The bottom line is, Daoud makes a living as a columnist which probably explains why he still writes for the NYT and Le Point despite his baby cry on LQO and decision to quit "journalism" and dedicate himself to literature. And his obsession with Islam, which I tried to explain in my post here (https://vivalalgerie.wordpress.com/2016/02/24/pof-leak-the-kamel-daoud-investigation/), makes him twist the few facts about sensational topics and relate them to Islam, at all costs. In doing so, he's not shy of making false statements and certainly not making the worst shortcuts.

The worst is, not only NYT readers lack the background and tools to grasp things, but even people such as Hassiba Hadj Sahraoui, (former?) Deputy Director - Middle East and North Africa Programme at Amnesty International share the link to the op-ed with this comment (https://twitter.com/HassibaHS/status/727412754798284800)


Anonymous said...

Here's the link
http://www.nytimes.com/2015/11/21/opinion/larabie-saoudite-un-daesh-qui-a-reussi.html?_r=0

MnarviDZ said...

Cheers Anonymous but I was thinking of this one

http://www.europe1.fr/international/kamel-daoud-on-ne-nait-pas-djihadiste-on-le-devient-2404791

and this excerpt

En Algérie, 30 chaines francophones contre 1.200 chaînes religieuses. L'aspect sécuritaire, c'est bien, l'école, c'est mieux.
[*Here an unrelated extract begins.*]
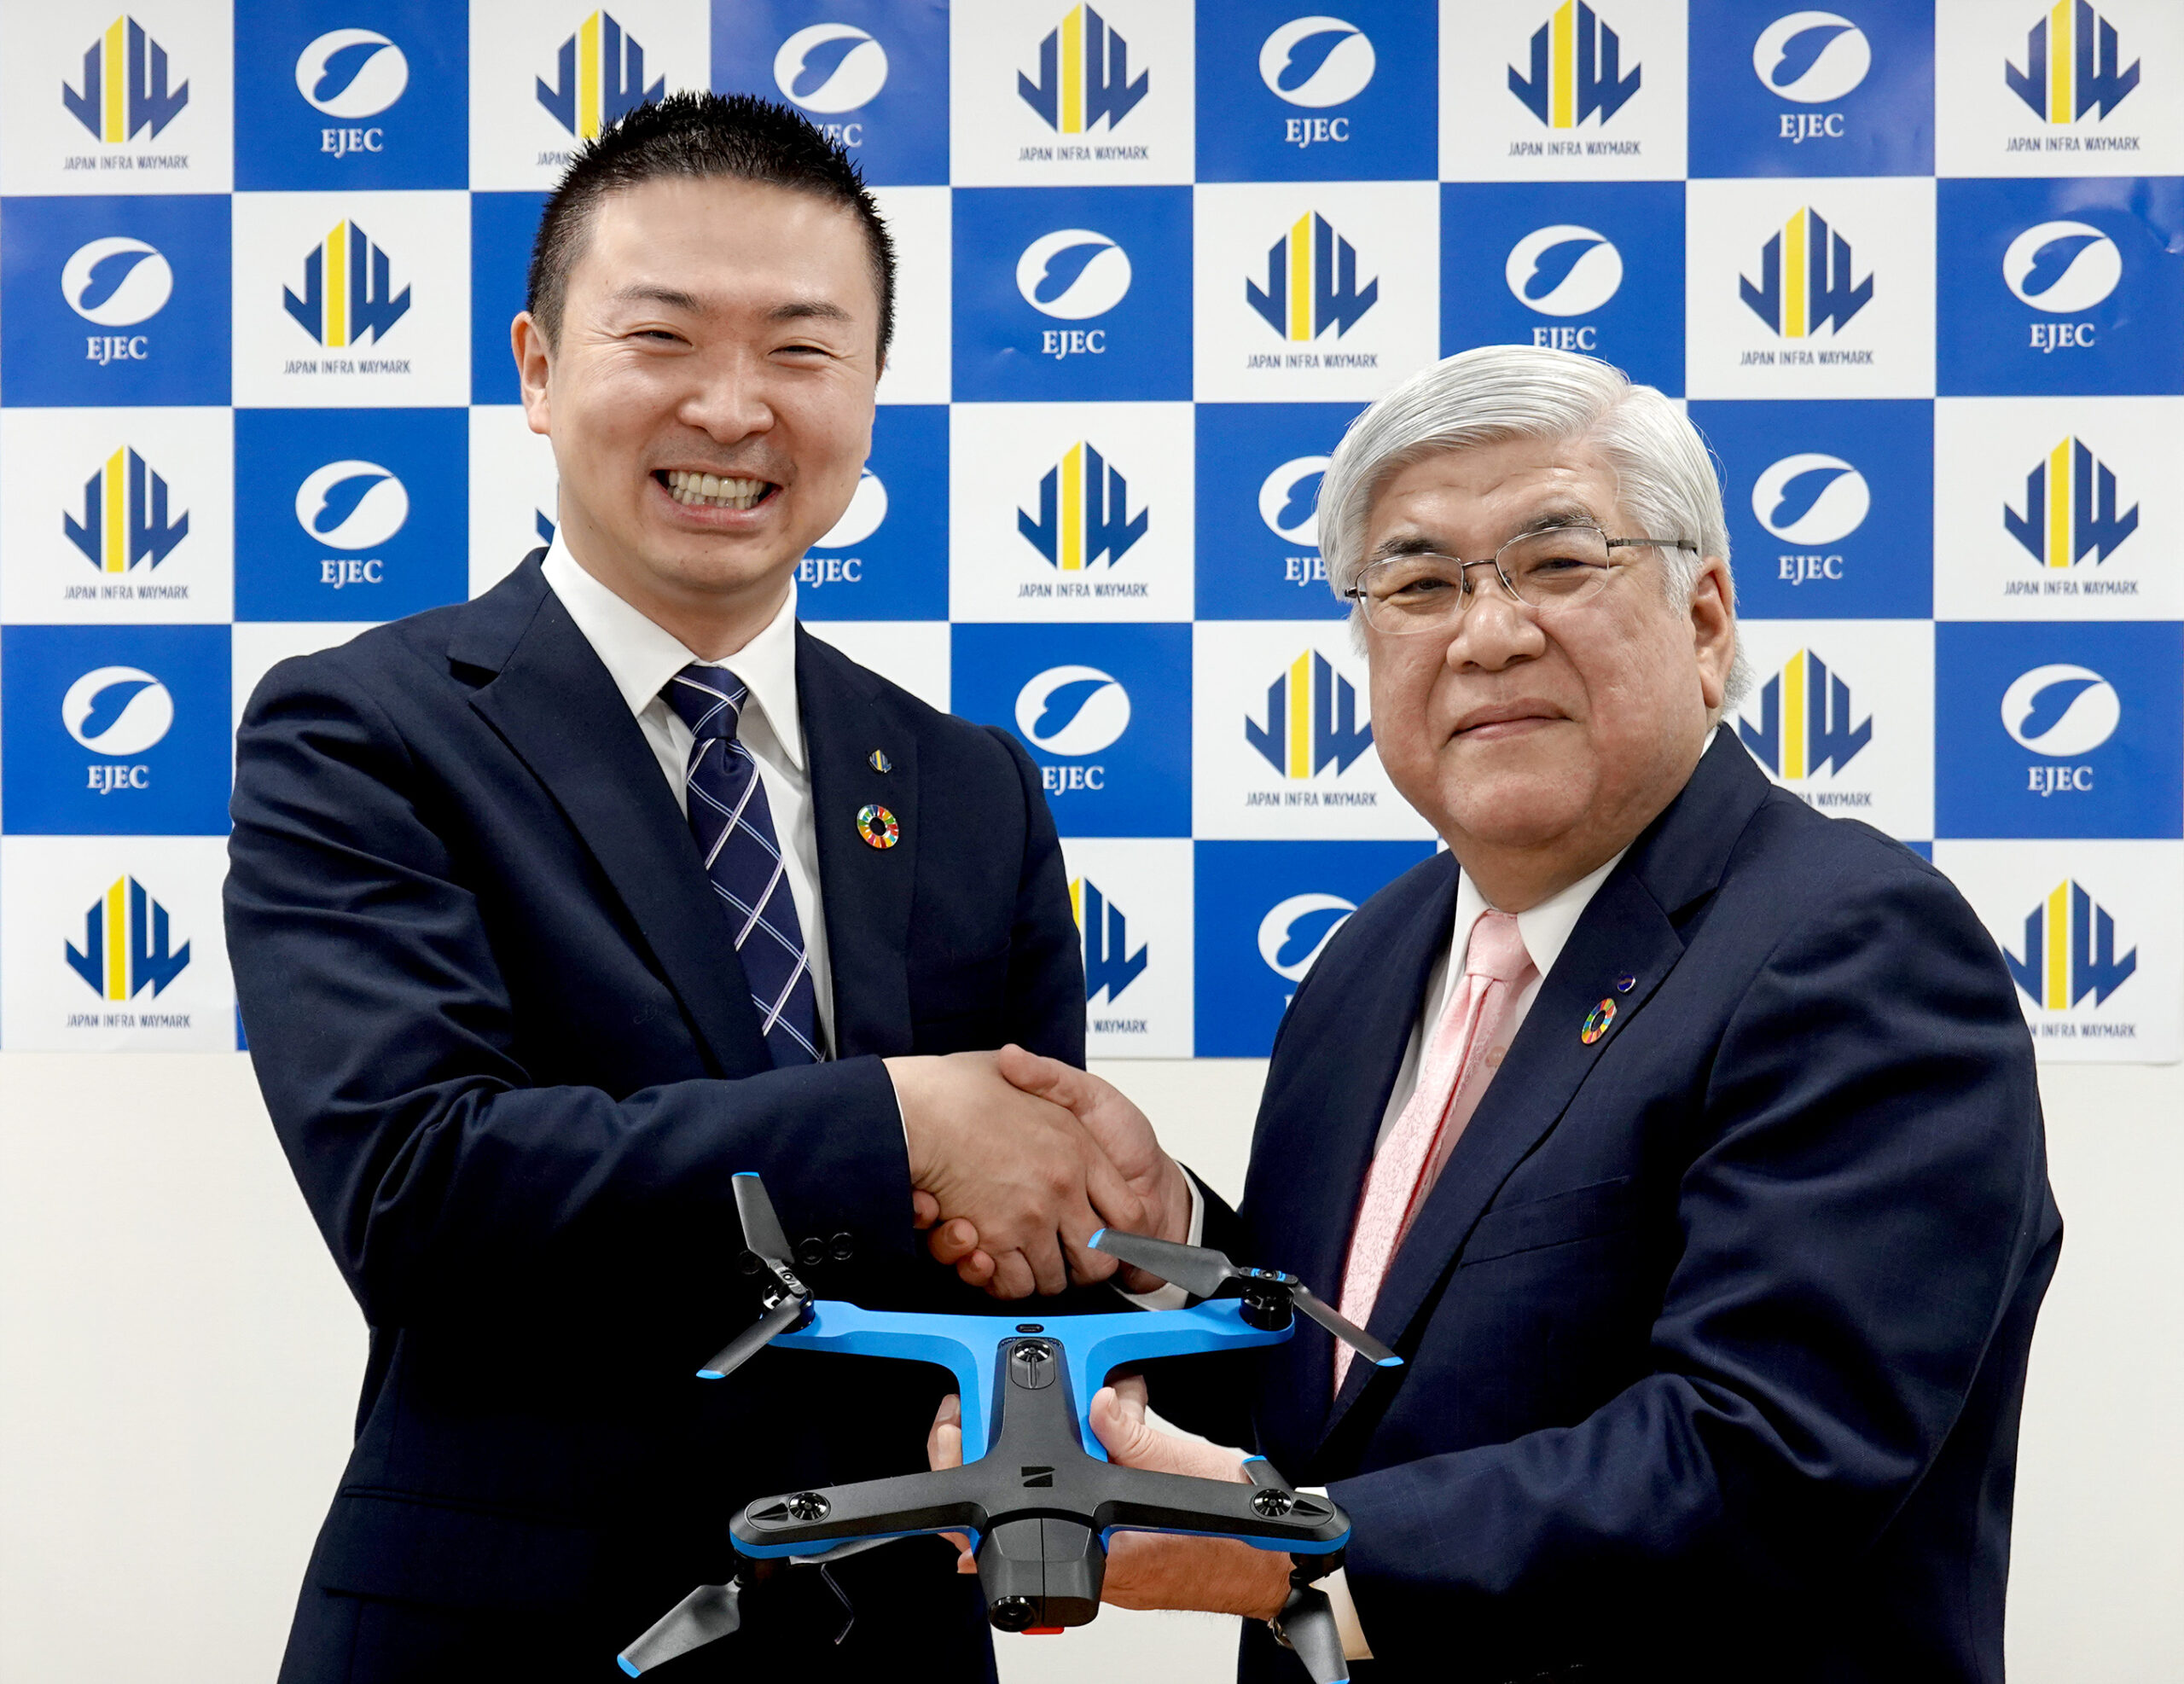 20200324小型ドローンに関する協定調印式（JIW柴田社長（左）とEJEC小谷）

Kamel Daoud n'hésite pas à affirmer "qu'on s'y prend mal pour lutter contre le terrorisme" : "il y a l'aspect sécuritaire bien sûr, mais l'autre aspect, c'est l'école. On ne naît pas djihadiste on le devient, on le devient à cause d'idées, à cause d'offres éditoriales, à cause de puissances qui les financent comme l'Arabie Saoudite. Vous savez en Algérie on a trente chaînes francophones et 1.200 chaînes religieuses". Un exemple concret qui permet de bien comprendre l'importance de "l'offre culturelle" sur l'opinion publique et la formation des consciences.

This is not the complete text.